PROBLEM:
Without the pictures, return each record as it appears.

+++ MATERIAL SUPPLIED

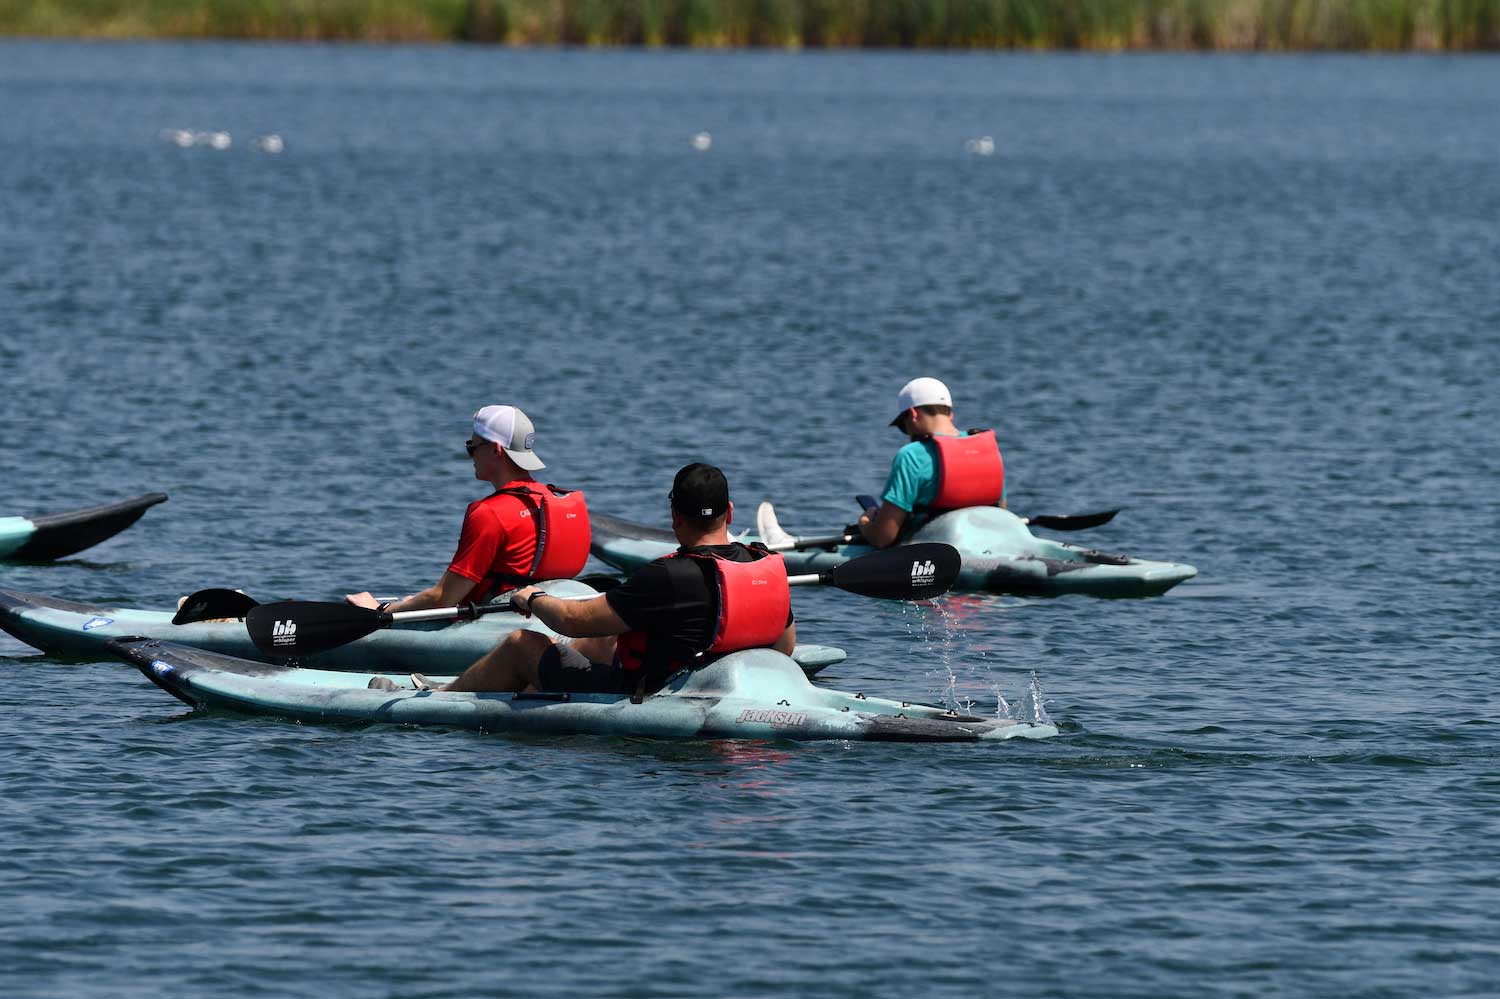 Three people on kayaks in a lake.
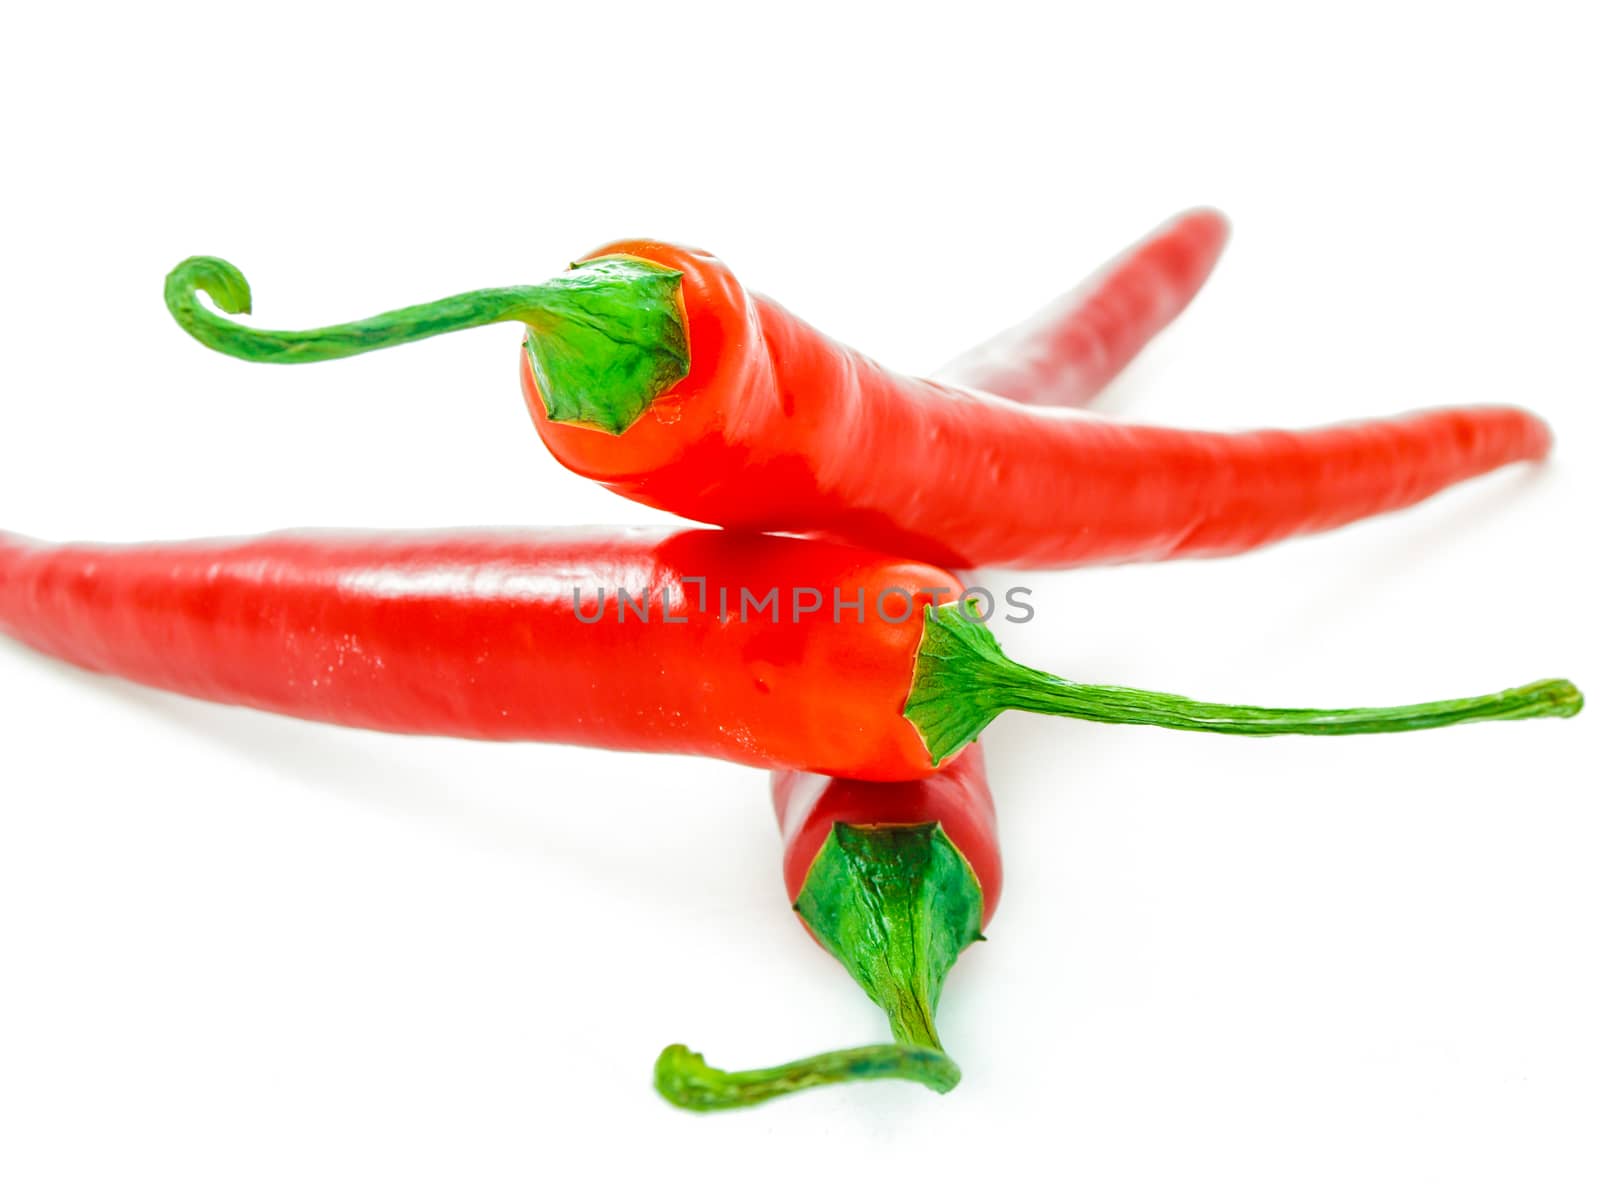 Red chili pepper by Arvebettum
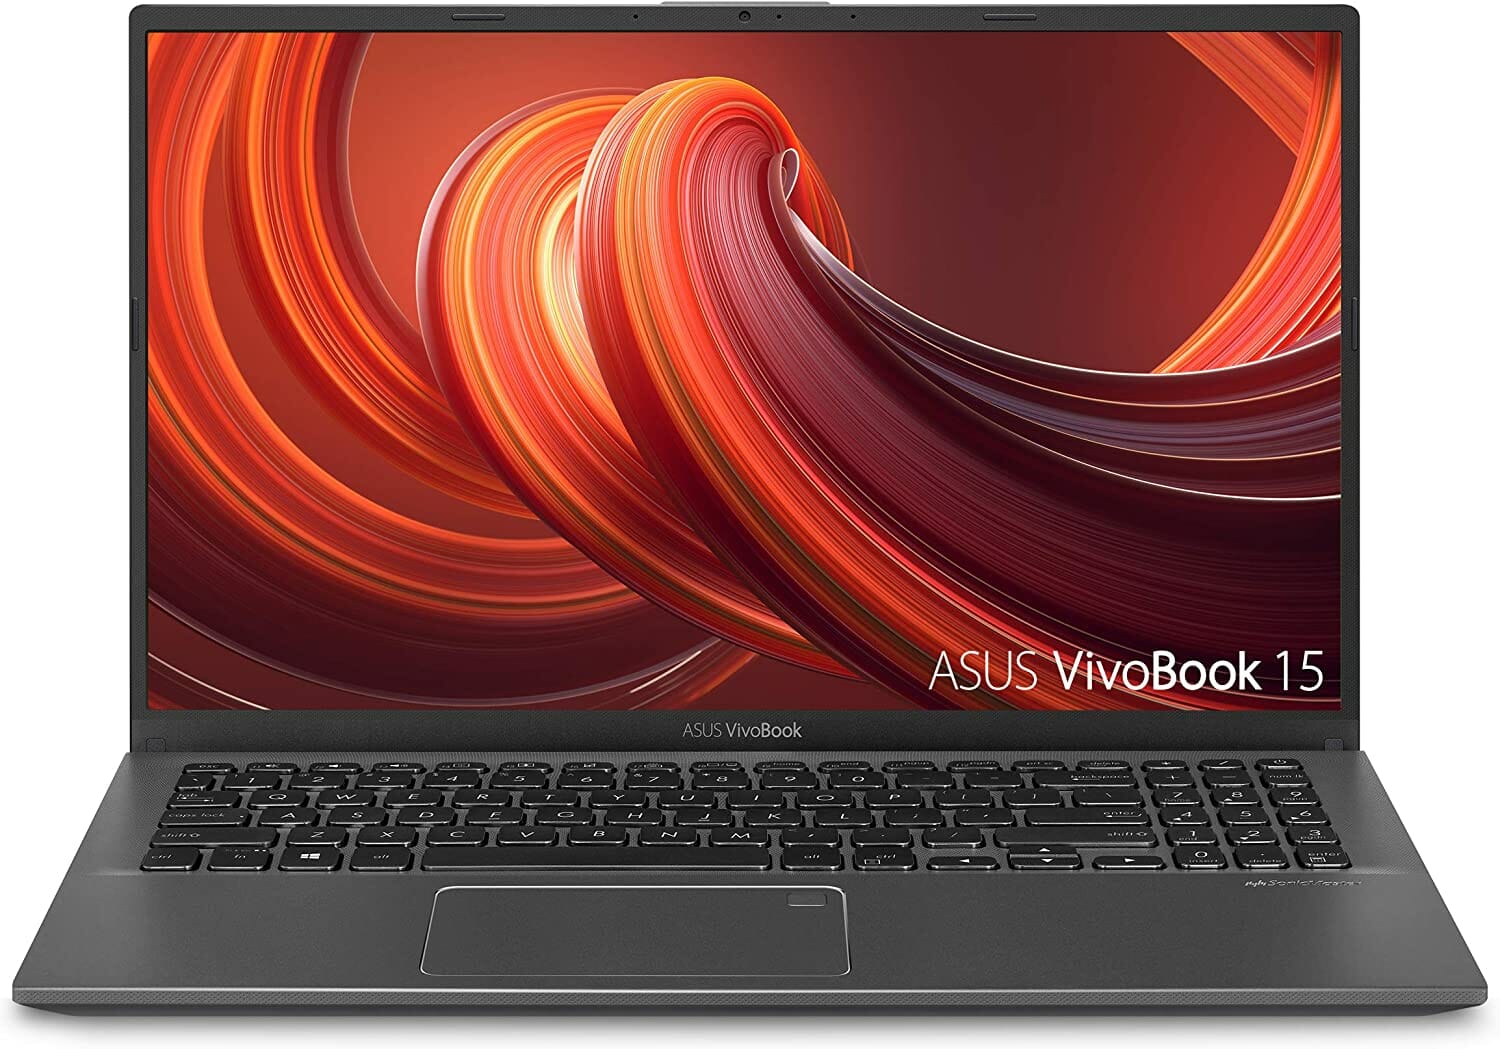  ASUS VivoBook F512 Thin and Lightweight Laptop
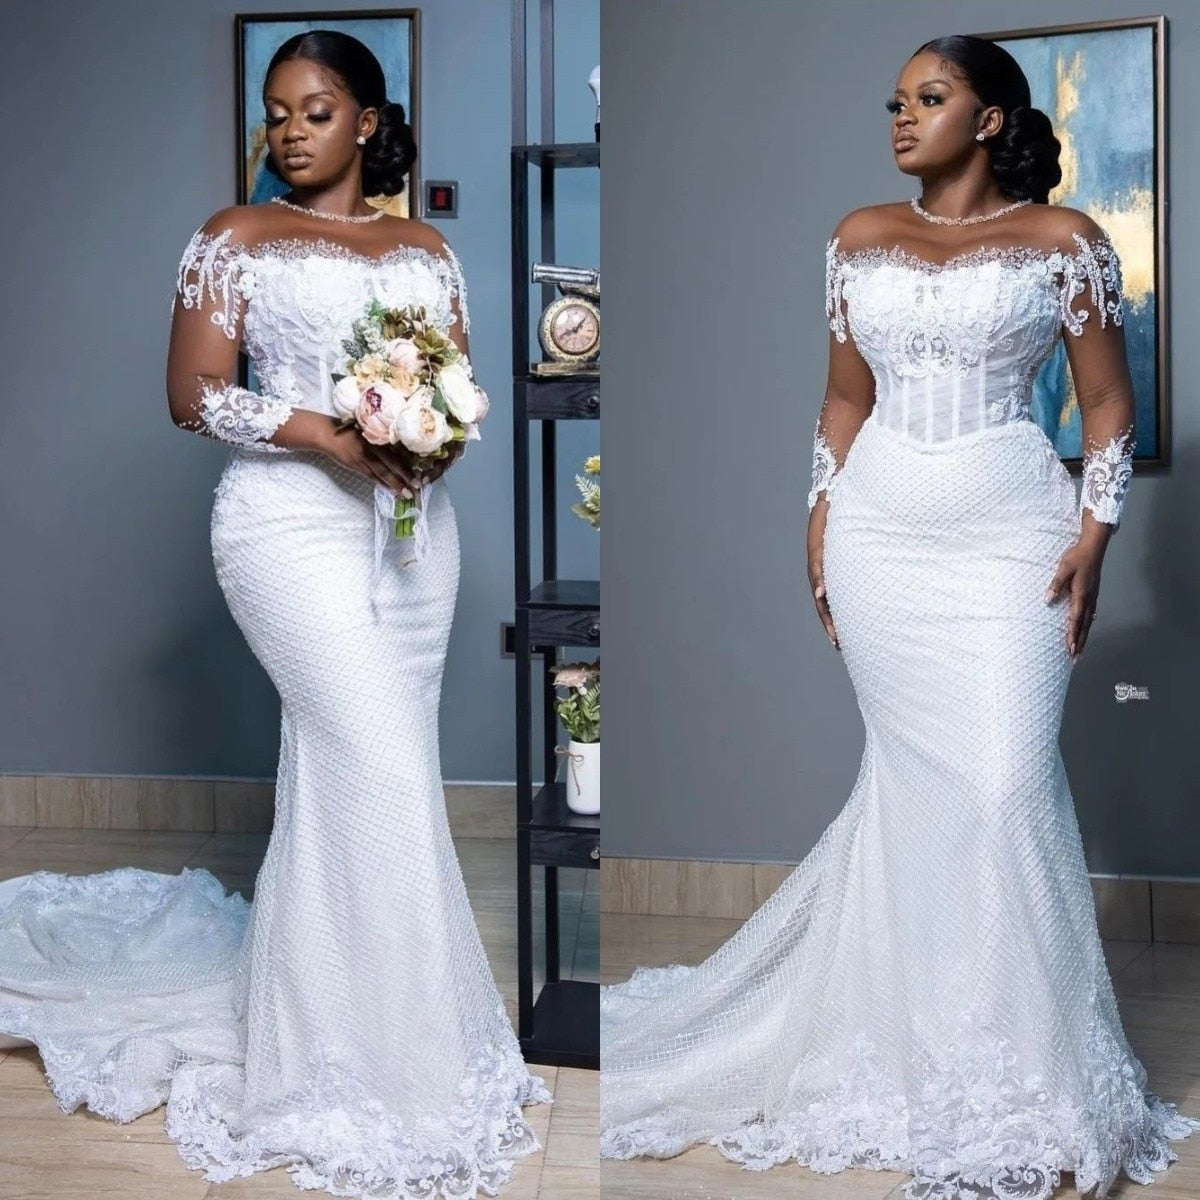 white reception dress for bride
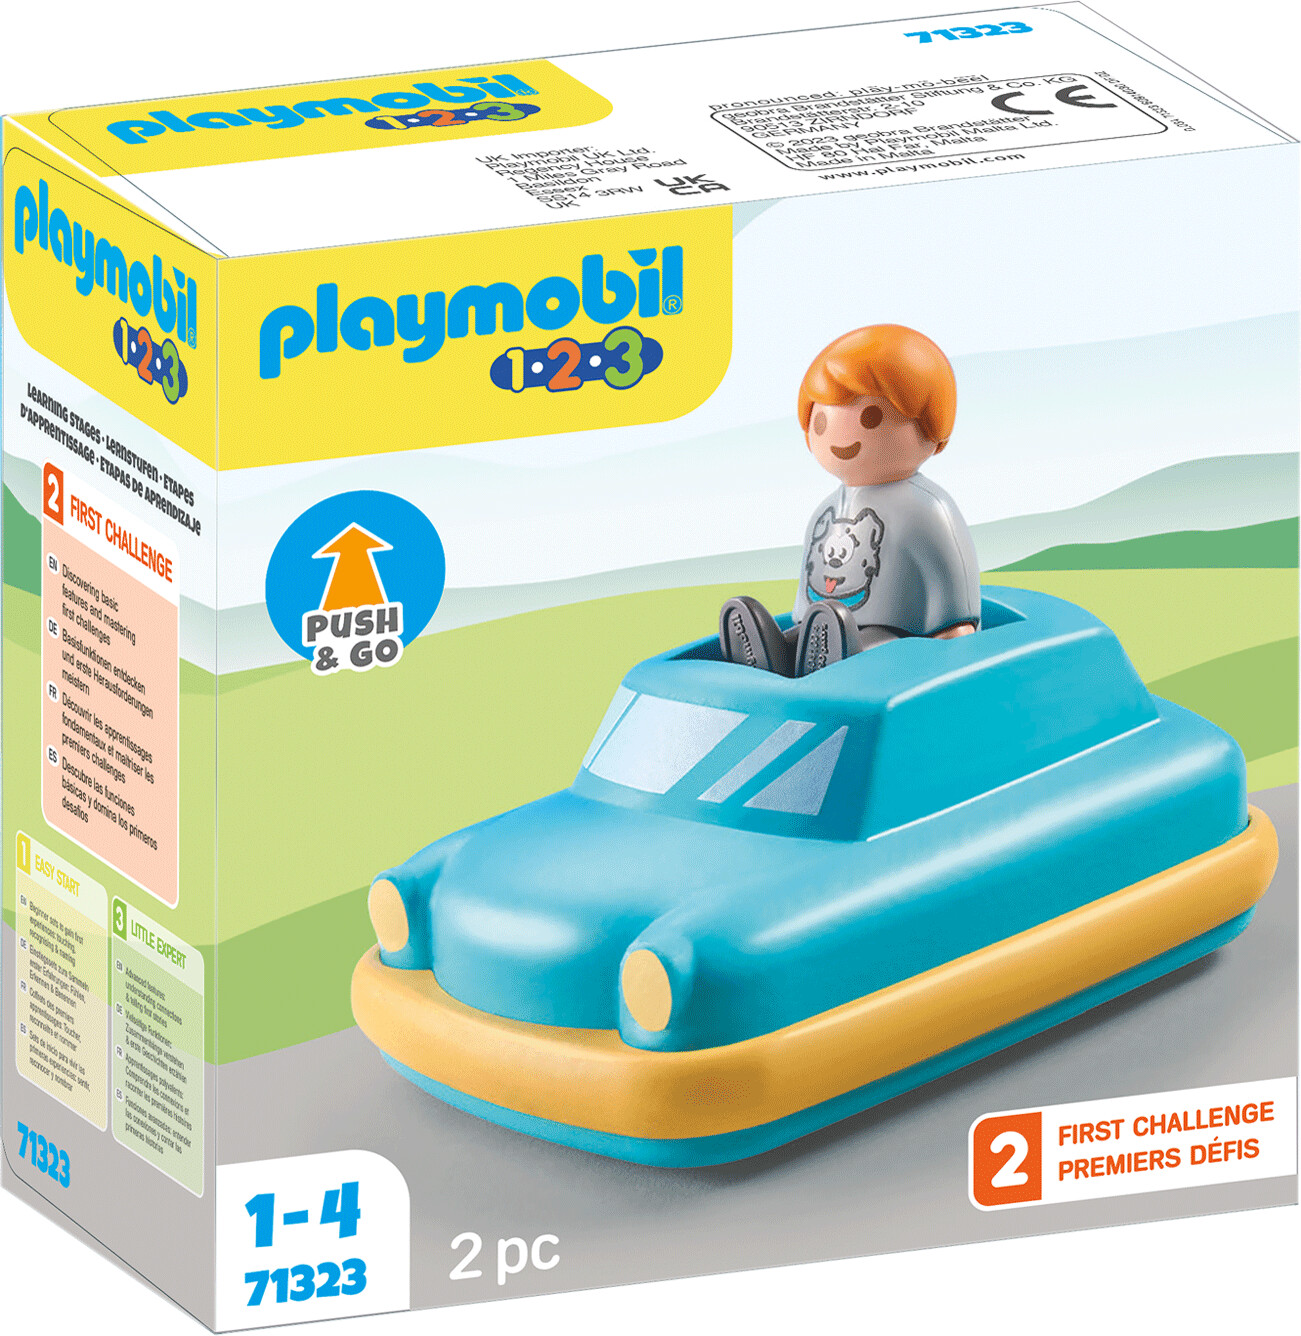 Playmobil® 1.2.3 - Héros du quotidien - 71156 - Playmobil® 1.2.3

++++++

RESULT:
 Three people on kayaks in a lake.
 Red chili pepper by Arvebettum
  ASUS VivoBook F512 Thin and Lightweight Laptop
 white reception dress for bride
 Playmobil® 1.2.3 - Héros du quotidien - 71156 - Playmobil® 1.2.3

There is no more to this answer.